DiffBIR provides a unified framework for blind image restoration tasks including super-resolution, face restoration, and denoising. The two-stage pipeline combines traditional degradation removal with diffusion-based detail generation, achieving state-of-the-art results on real-world degraded images. Key features include automatic image captioning via LLaVA for context-aware restoration, tiled sampling for processing high-resolution images on limited VRAM, and multiple sampler options for balancing speed and quality.

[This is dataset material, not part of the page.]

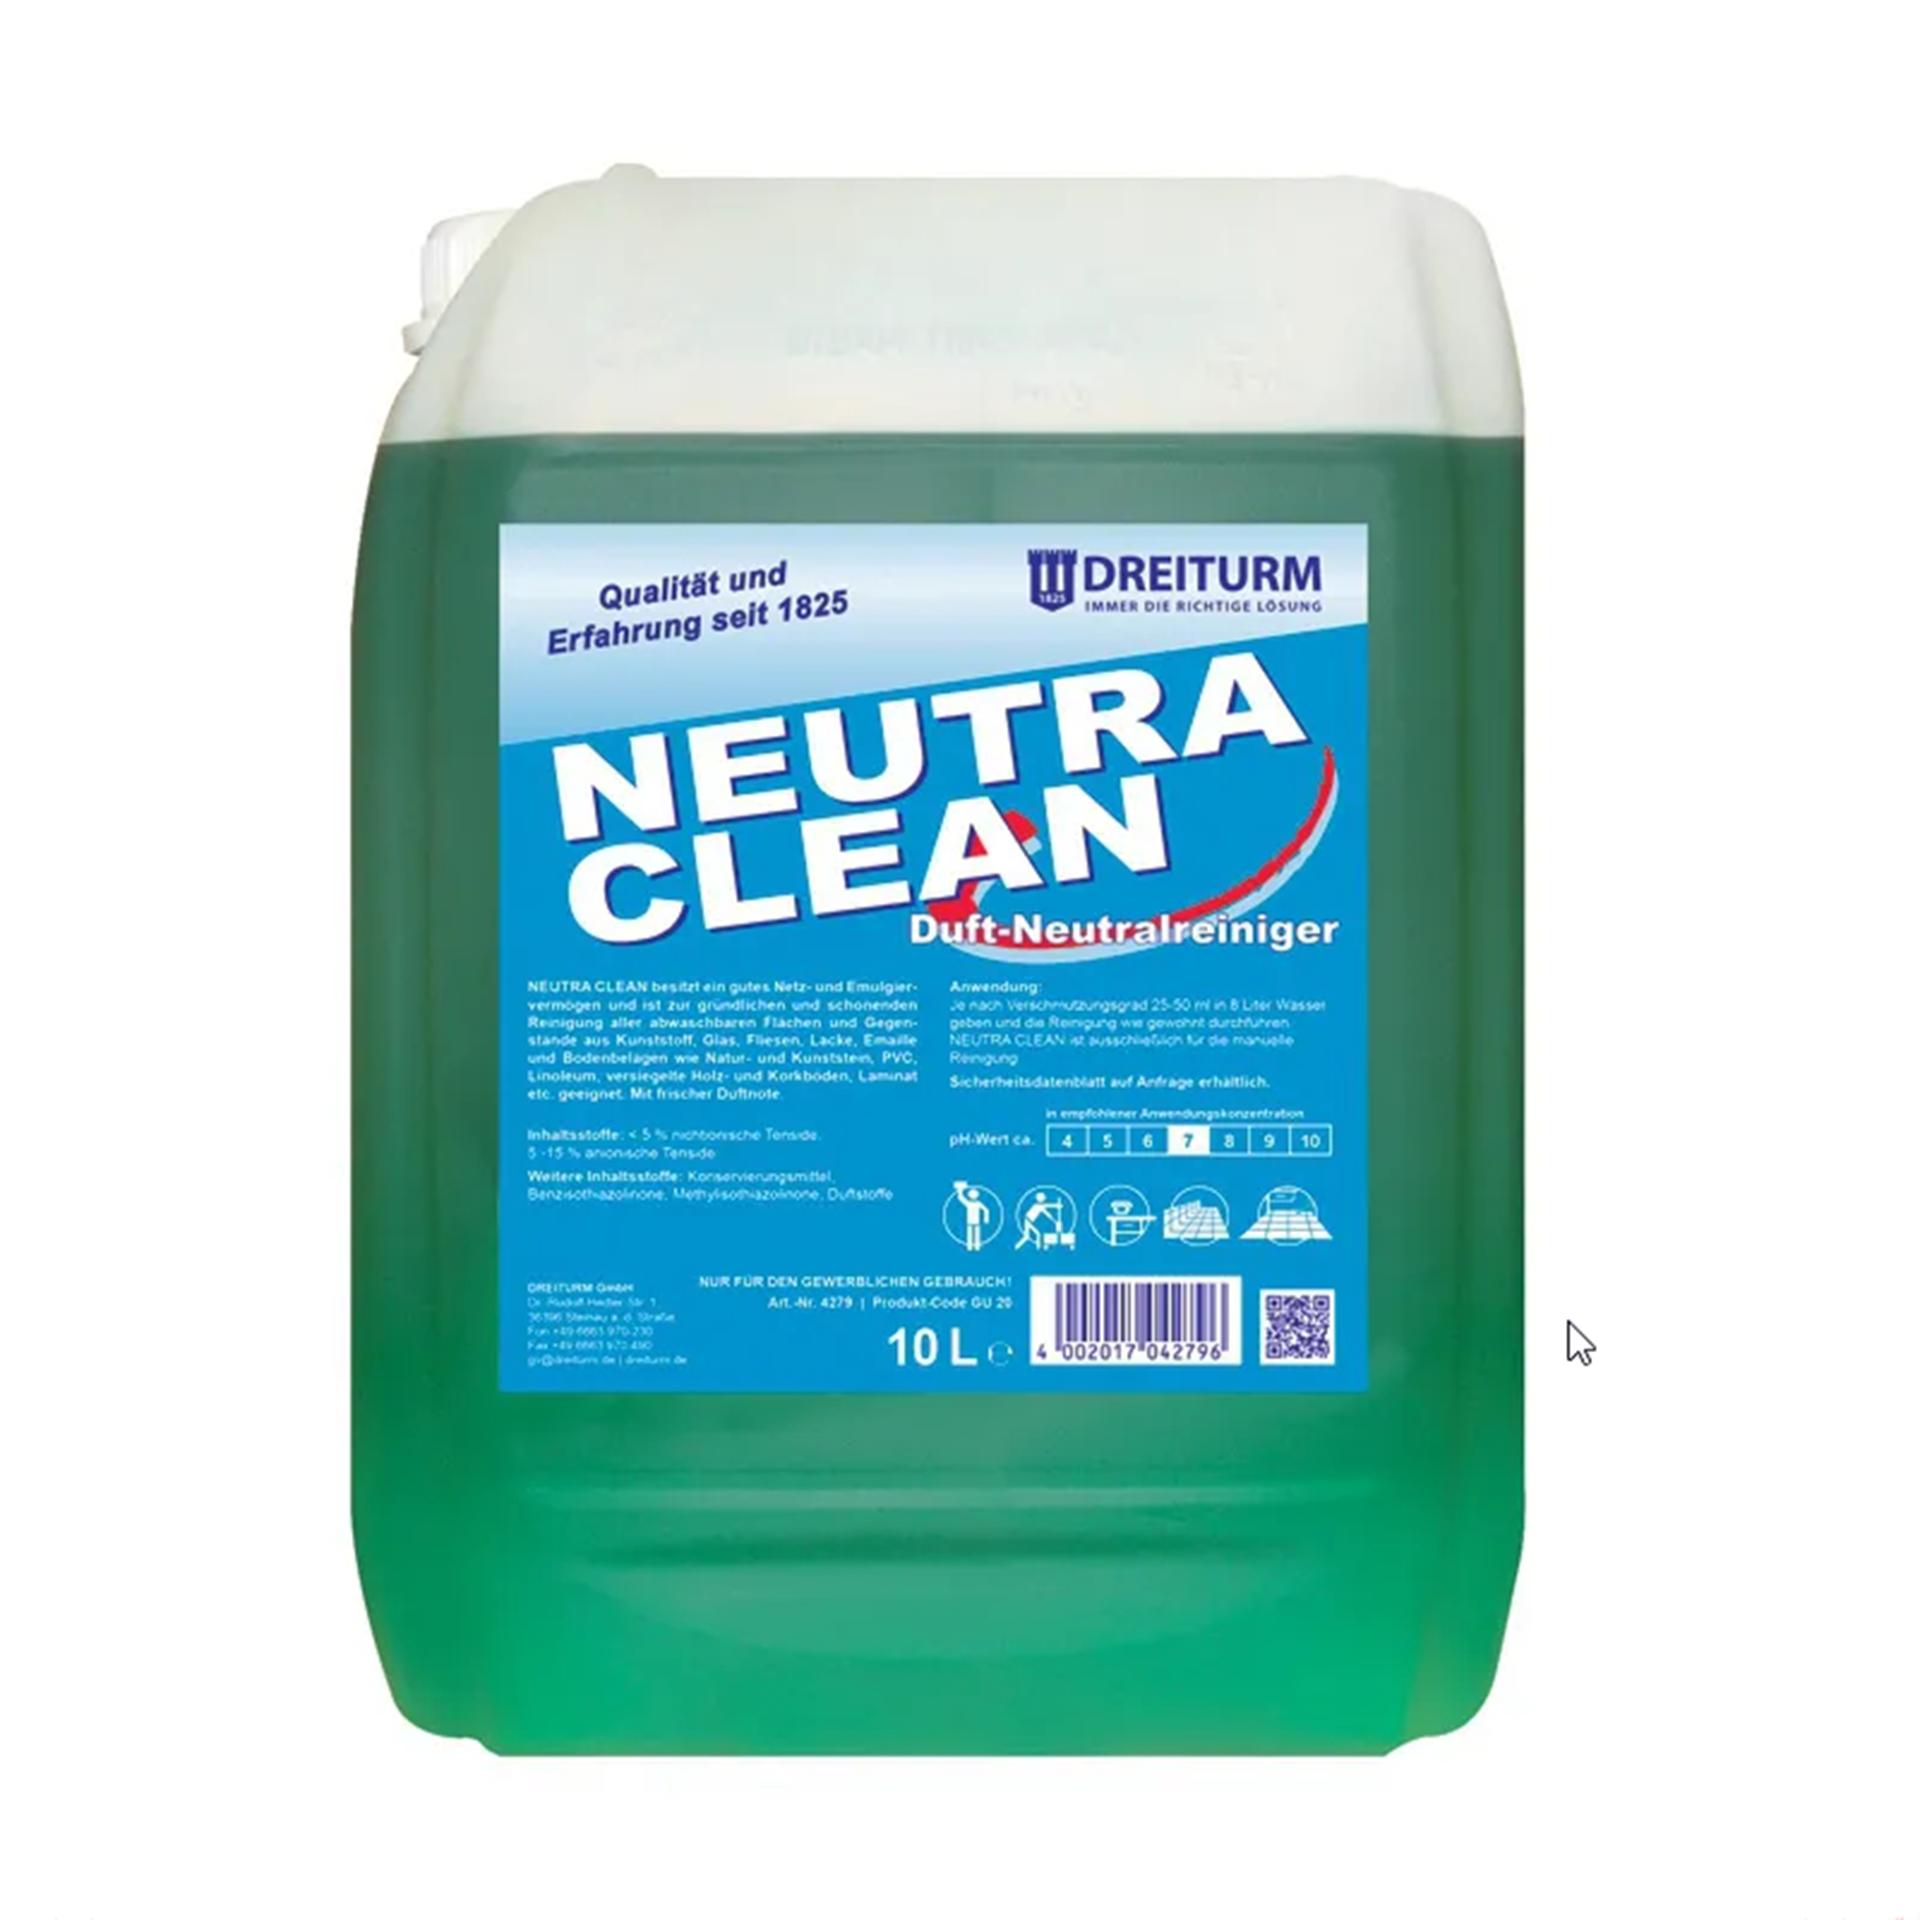 Dreiturm NEUTRA CLEAN Neutralreiniger - 10 l - Kanister

For typical usage, start with DiffBIR v2.1 using the `edm_dpm++_3m_sde` sampler at 10 steps with LLaVA captioning enabled for best results. Enable tiled sampling when processing large images or when running on GPUs with less than 12GB VRAM. The framework supports both command-line batch processing and interactive web-based inference via Gradio, making it suitable for both research workflows and practical applications.